Sexual and Relationship Therapy
- Discipline: Sexology
- Language: English

Publication details
- Publisher: Routledge (Taylor & Francis) (U.K.)
- Frequency: Quarterly

Standard abbreviations
- ISO 4: Sex. Relatsh. Ther.

Indexing
- ISSN: 1468-1994 (print) 1468-1749 (web)
- OCLC no.: 45007351

= Sexual and Relationship Therapy =

Peer-reviewed scholarly journal

Sexual and Relationship Therapy is a peer-reviewed, scholarly journal offering a multidisciplinary forum for review and debate in the field of sex and relationship therapies. The journal presents original research and best practice and is a vehicle for new theory, methodology, and application. The focus of the journal is international and interdisciplinary in nature, with a range of contributions from diverse places on the globe, and myriad disciplines like sex therapy, sexual medicine, psychology, sexology, family therapy, public health, sociology, counselling, and medical ethics. It is the official journal of the College of Sexual and Relationship Therapists (COSRT). The journal was established in 1986 under the title Sexual and Marital Therapy, and under its current title since 2000. The editor-in-chief is Dr. Markie Twist (Antioch University New England).

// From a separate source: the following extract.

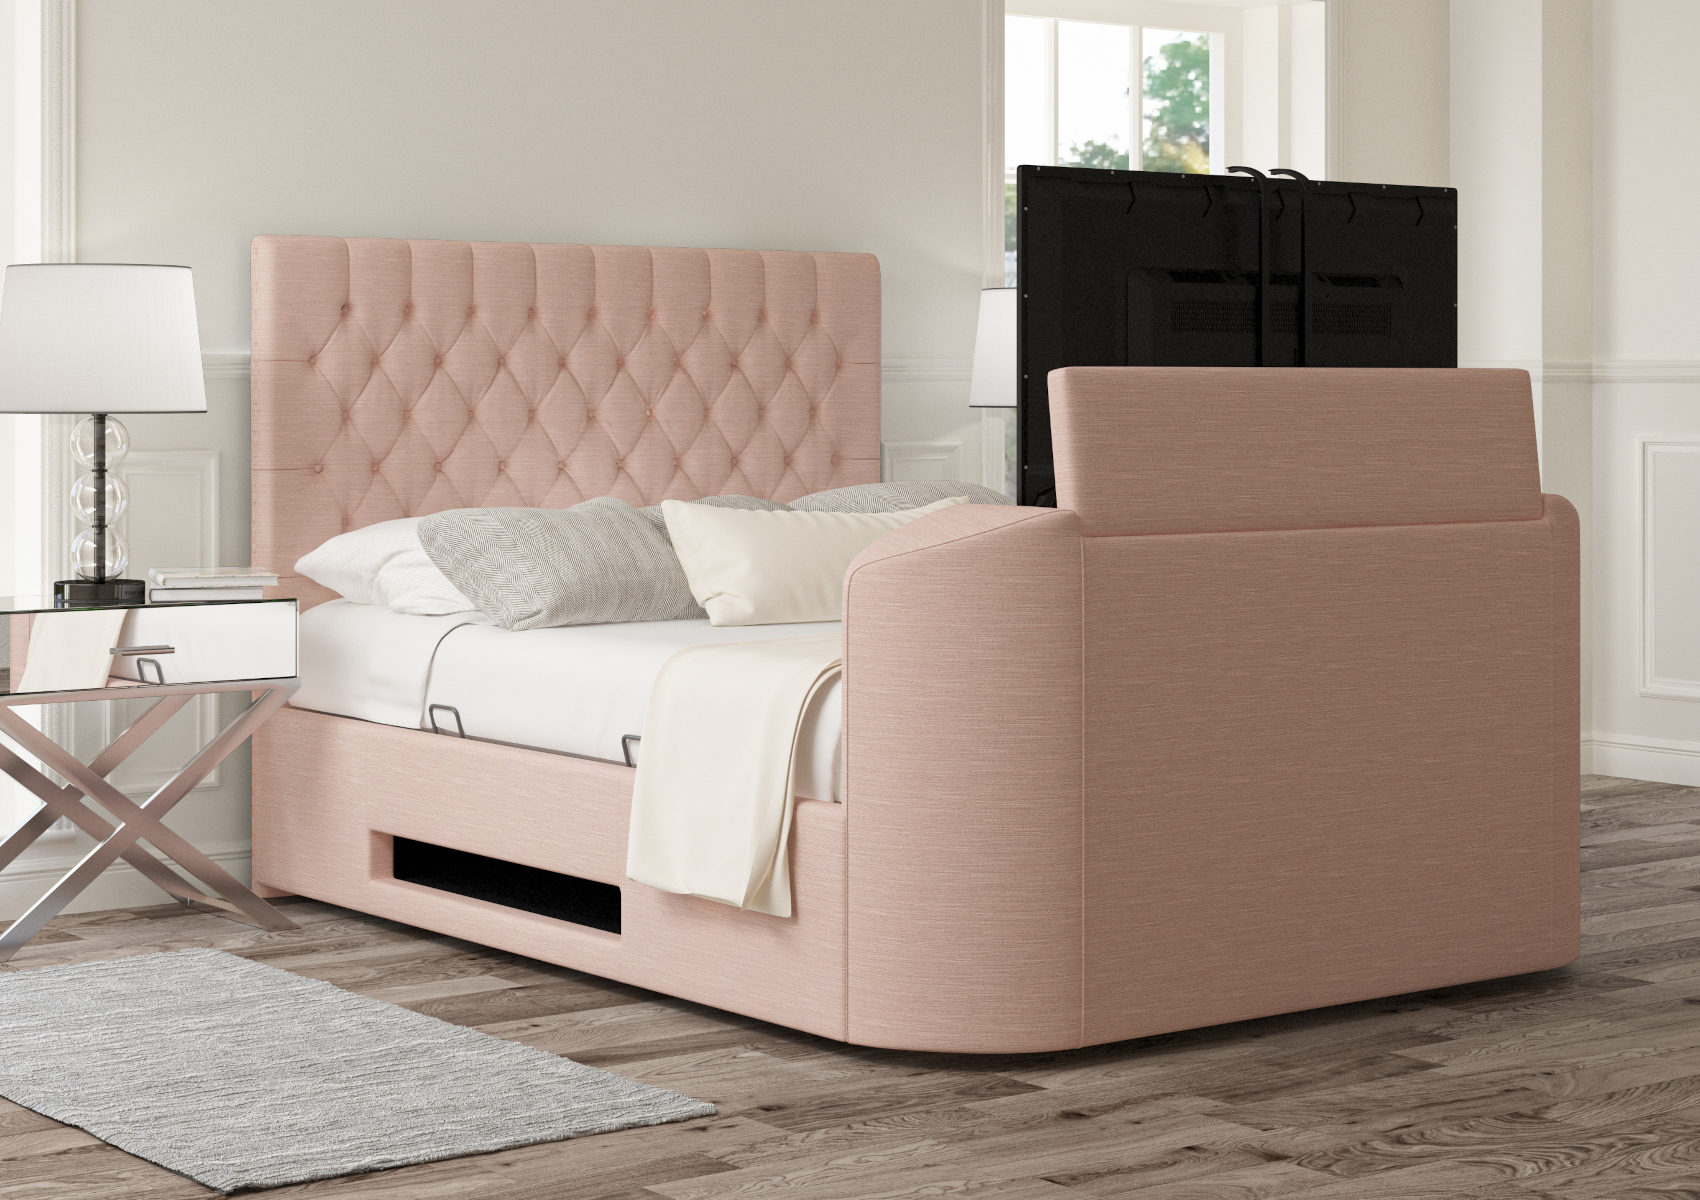 View Claridge Linea Powder Upholstered Double Multifunctional Ottoman Smart TV Bed Time4Sleep information

== Abstracting and indexing ==
Sexual and Relationship Therapy is included in the Clarivate Analytics Social Sciences Citation Index. Its first Impact Factor was published in 2012. The 2020 Impact Factor is 1.283 (2020 Clarivate Analytics, Journal Citation Reports). The journal is also abstracted and indexed in ASSIA: Applied Social Sciences Index and Abstracts, Canadian Journal of Human Sexuality's 'Sex Research Update', Cumulative Index to Nursing and Allied Health Literature (CINAHL), Educational Research Abstracts online (ERA), EMBASE/Excerpta Medica, Family Index Database, Family and Society Studies Worldwide Database (FSSW), Family Studies Database (NISC), Psychological Abstracts/PsycINFO/PsychLIT, Scopus, Sexual Diversity Studies Database (SDS), Social Sciences Index, Sociological Abstracts, Special Education Needs Abstracts, Studies on Women and Gender Abstracts, Violence & Abuse Abstracts, and Sage Family Studies Abstracts.